Cette dynamique prend plusieurs dimensions. Différents programmes de recherche ont été conduits à l’Irmc depuis trente ans. La plupart étaient novateurs. Parfois même précurseurs. Des thématiques qui ont été par la suite développées au sein des universités, en particulier des projets sur l’urbain, le religieux, la transition…Au niveau de la formation, la bibliothèque de l’Institut met à la disposition des étudiants 36 000 ouvrages et beaucoup plus de revues récents et anciens, dont certains sont introuvables dans les bibliothèques des universités publiques. Les lecteurs de la bibliothèque ont également le droit d’accéder à tous les catalogues en ligne du Cnrs et d’autres banques de données scientifiques. Nous organisons aussi, deux à trois fois par an, des écoles doctorales interdisciplinaires qui réunissent autour d’une même thématique des doctorants des pays du Maghreb et des pays européens, dans l’idée que rapprocher des jeunes gens dans l’univers de la recherche a des effets sur leur propre formation et à long terme. Il crée une mixité dans les manières de réfléchir et d’échanger. D’autre part, les écoles doctorales ont l’avantage de mettre en relation des collègues confirmés avec les doctorants dans le but d’un transfert de savoir-faire à plusieurs niveaux : réfléchir les problématique, conseils de lecture et de méthodologie.

La Révolution de 2011 en levant la censure sur l’expression en général a-t-elle participé à libérer l’Irmc en donnant plus de perspectives à ses projets de recherche ?

Avant 2011, les chercheurs de l’Irmc travaillaient avec les contraintes qui étaient les leurs sans se rendre compte que cela pouvait être différent. L’urbaniste Hind Ben Othmanel’a bien expliqué dans son intervention, le jour où la censure a été levée, les chercheurs se sont sentis responsables de leur citoyenneté, ils ont voulu alors mieux faire connaître leurs travaux. Ce sont leurs perspectives à eux qui ont changé, ainsi que les objets de leur recherche et la manière de les appréhender. Par exemple, Eric Gobe parlait dans son témoignage des avocats en Tunisie, le sujet de cette profession est un objet de recherche qu’il conduisait depuis longtemps. La Révolution est venue bouleverser son objet de recherche de plein fouet et Eric Gobe a dû s’adapter à ce nouveau contexte. Sinon les chercheurs ont tout de même bénéficié d’une plus grande liberté pour aborder certains sujets comme l’homosexualité. Une thématique qui aurait été beaucoup plus difficile à interroger avant 2011. C’est aussi le cas d’autres sujets comme la gouvernance locale, l’urbanité, les décisions de planifications et bien évidemment tous les objets de recherches liés aux sciences politiques.

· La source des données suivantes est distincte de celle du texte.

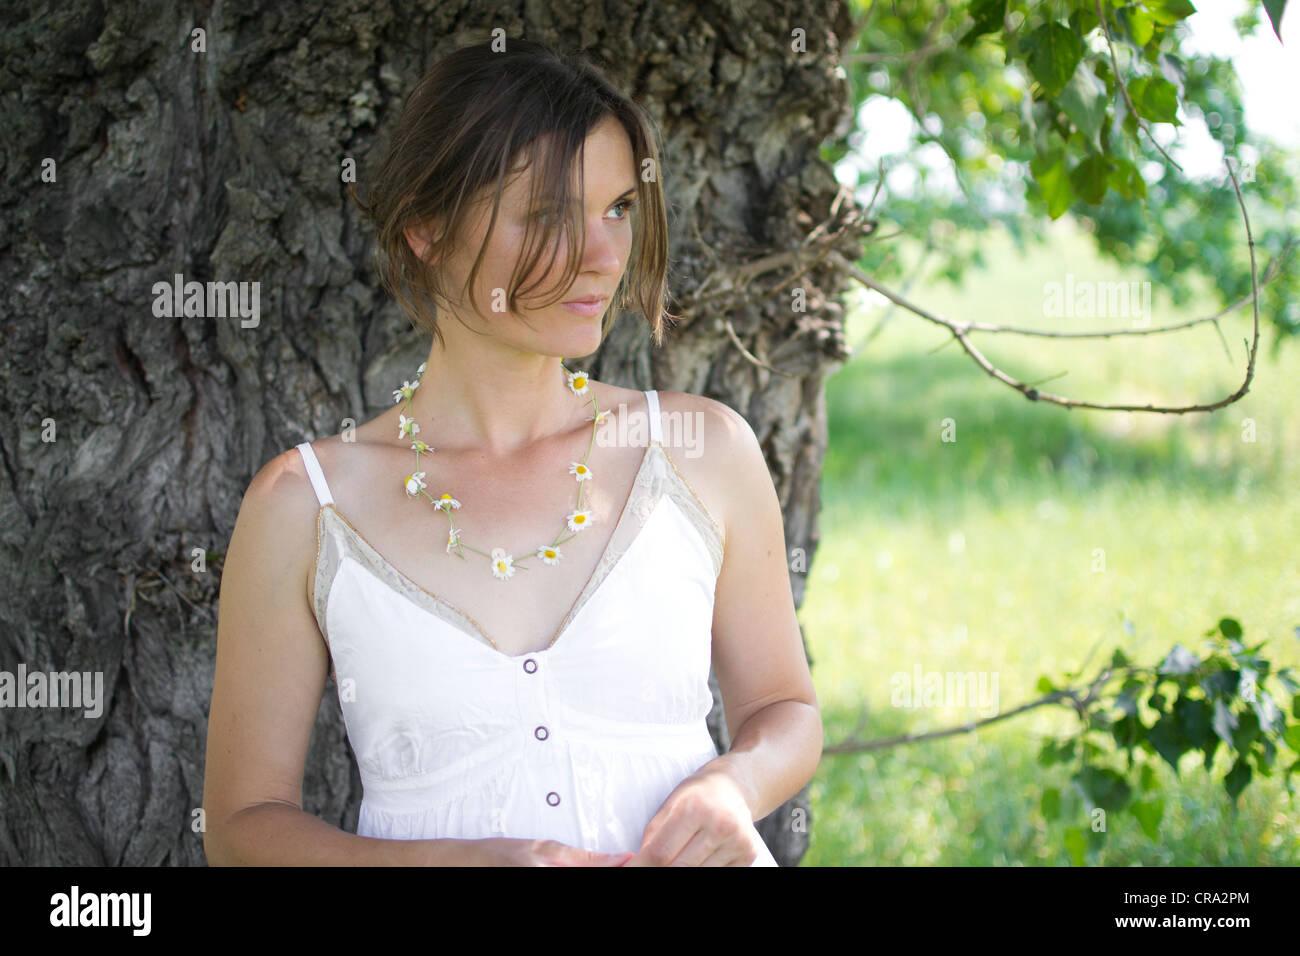 Belle jeune femme de détente dans un pré vert dans la campagne jouant avec un rouge coquelicot Banque D'Images
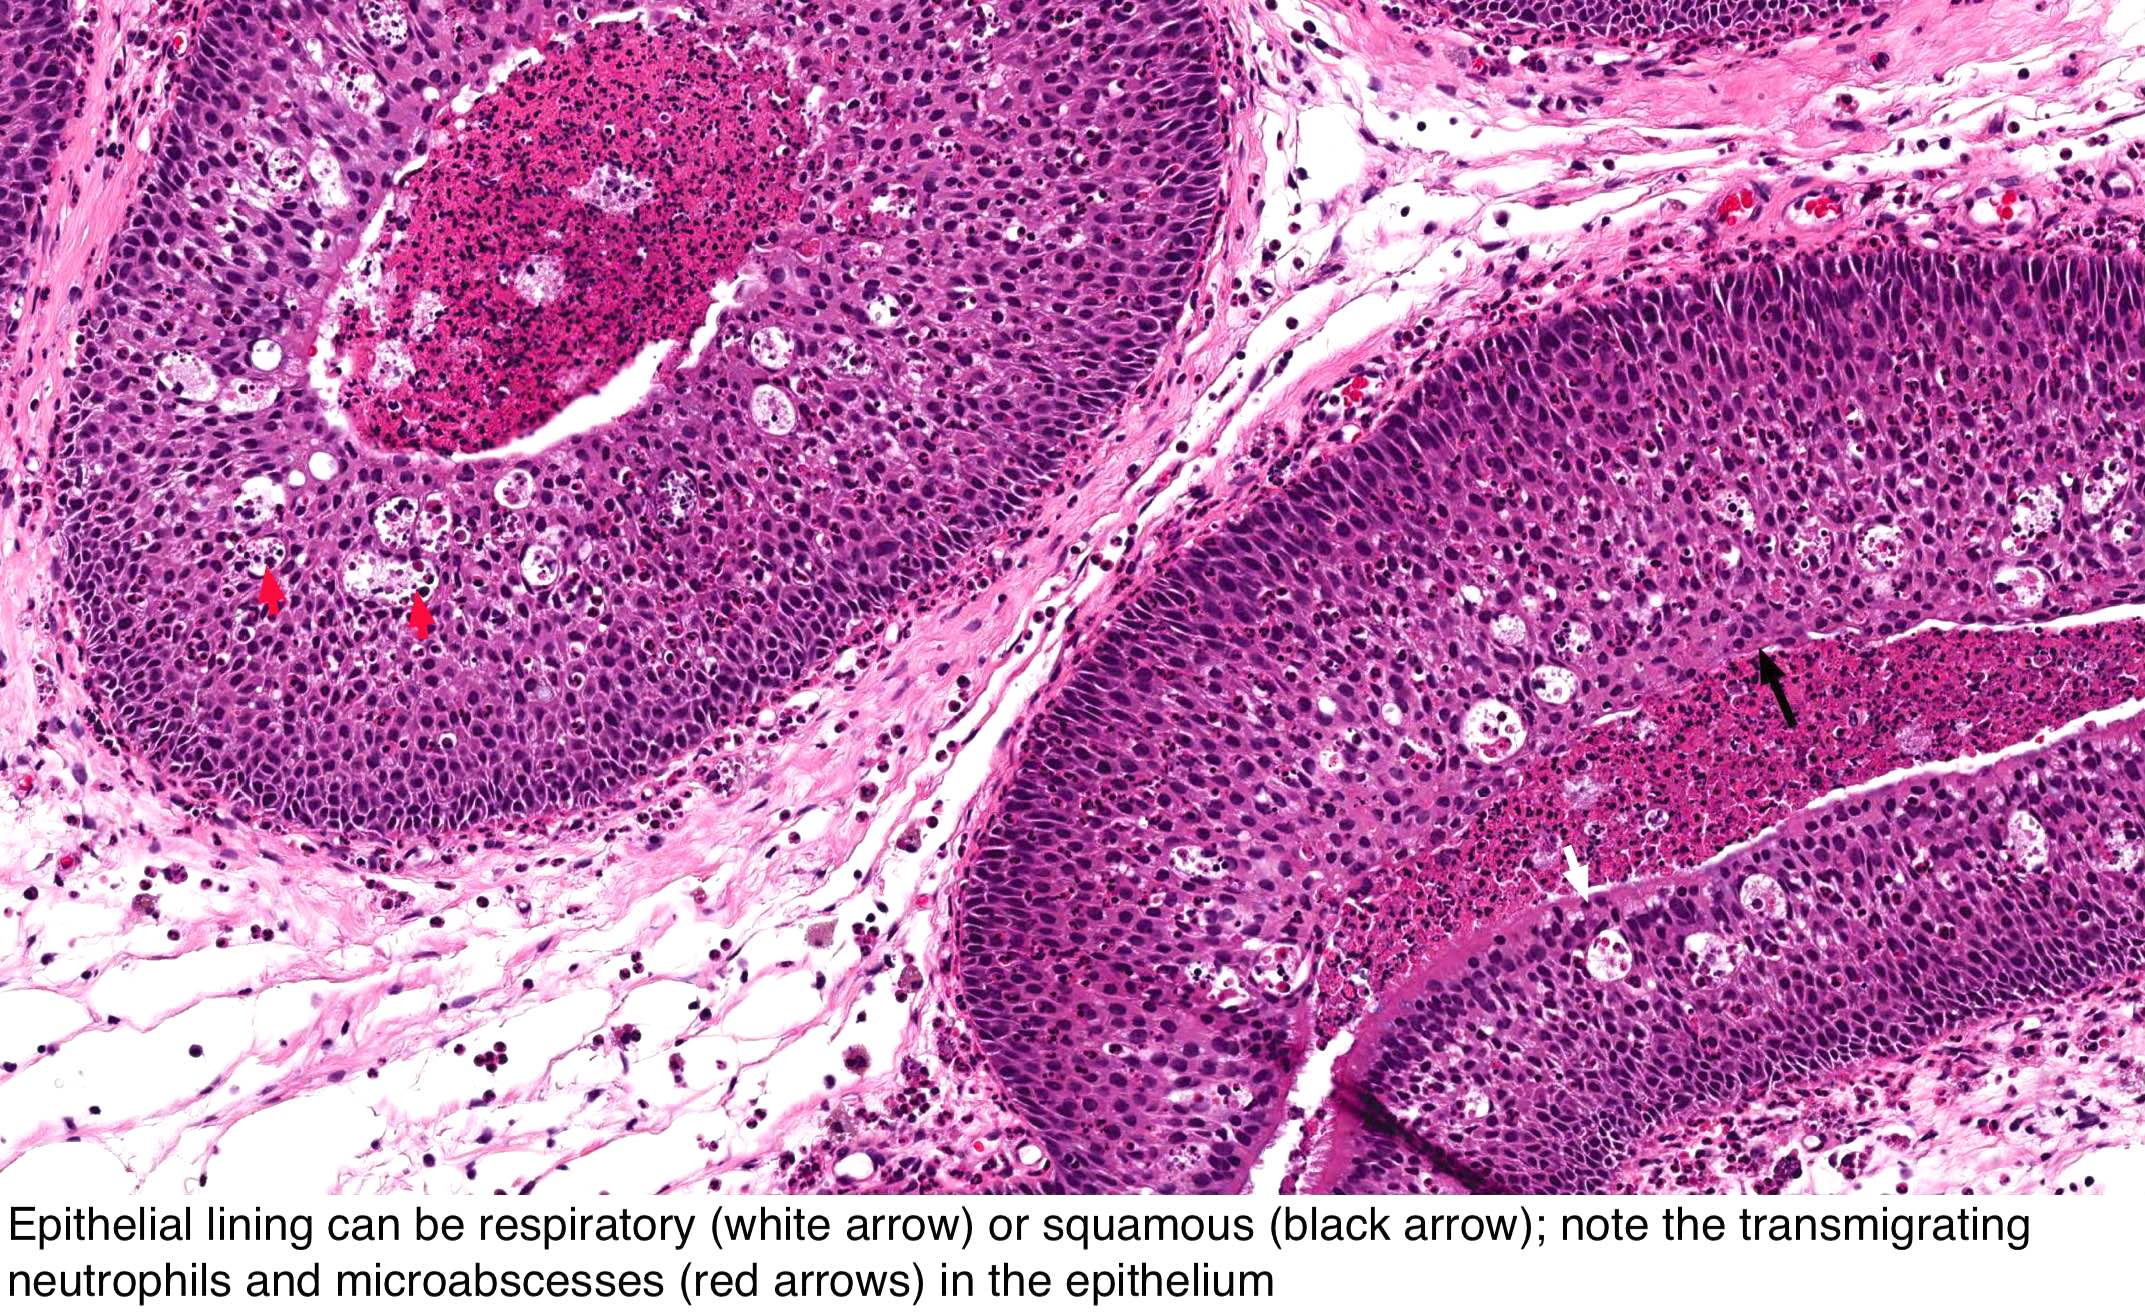 cum funcționează detoxifierea colonului virus del papiloma y menstruacion

Que reste-t-il aujourd’hui de l’Irmc du premier directeur-fondateur, l’illustre Michel Camau ?

Tout ! On l’a vu à travers ces deux journées de colloque, l’héritage de Michel Camau est vraiment très fort. La filiation scientifique de Camau s’est poursuivie après son départ avec les travaux de Jean Philippe Bras. En tant que juriste, Bras était un collaborateur proche de Camau avant même la fondation de l’Irmc, lorsque, enseignants tous les deux, ils s’étaient beaucoup côtoyés. Vincent Geisser et Eric Gobe, politologues, ont assuré également la continuité de Camau en formant des doctorants, dont Amine Allal et plus récemment Slim Ben Youssef et Leyla Baamara. Sinon, l’autre volet de l’héritage de Michel Camau s’incarne dans le désir de voir l’Irmc intégré dans le paysage tunisien. Cet objectif-là je pense pouvoir dire qu’il est atteint. Notamment par le fait que des enseignants chercheurs de l’université tunisienne puissent obtenir des délégations au sein de l’Institut. Ce qui lui donne un ancrage avec l’université. Par la suite, ces chercheurs demeurent associés à l’Irmc : ce réseau en Tunisie a très bien fonctionné. Assez récemment, je participais à une journée d’études en partenariat avec Beit El Hekma, puisque nos deux institutions travaillent ensemble sur un séminaire à propos de l’alimentation. Moncef Ben Abdeljelil, l’ancien doyen de la faculté des Lettres et des Sciences humaines de Sousse, m’a accueillie en prononçant une phrase qui m’a beaucoup touchée : « L’Irmc est une partie du corps scientifique tunisien ! ».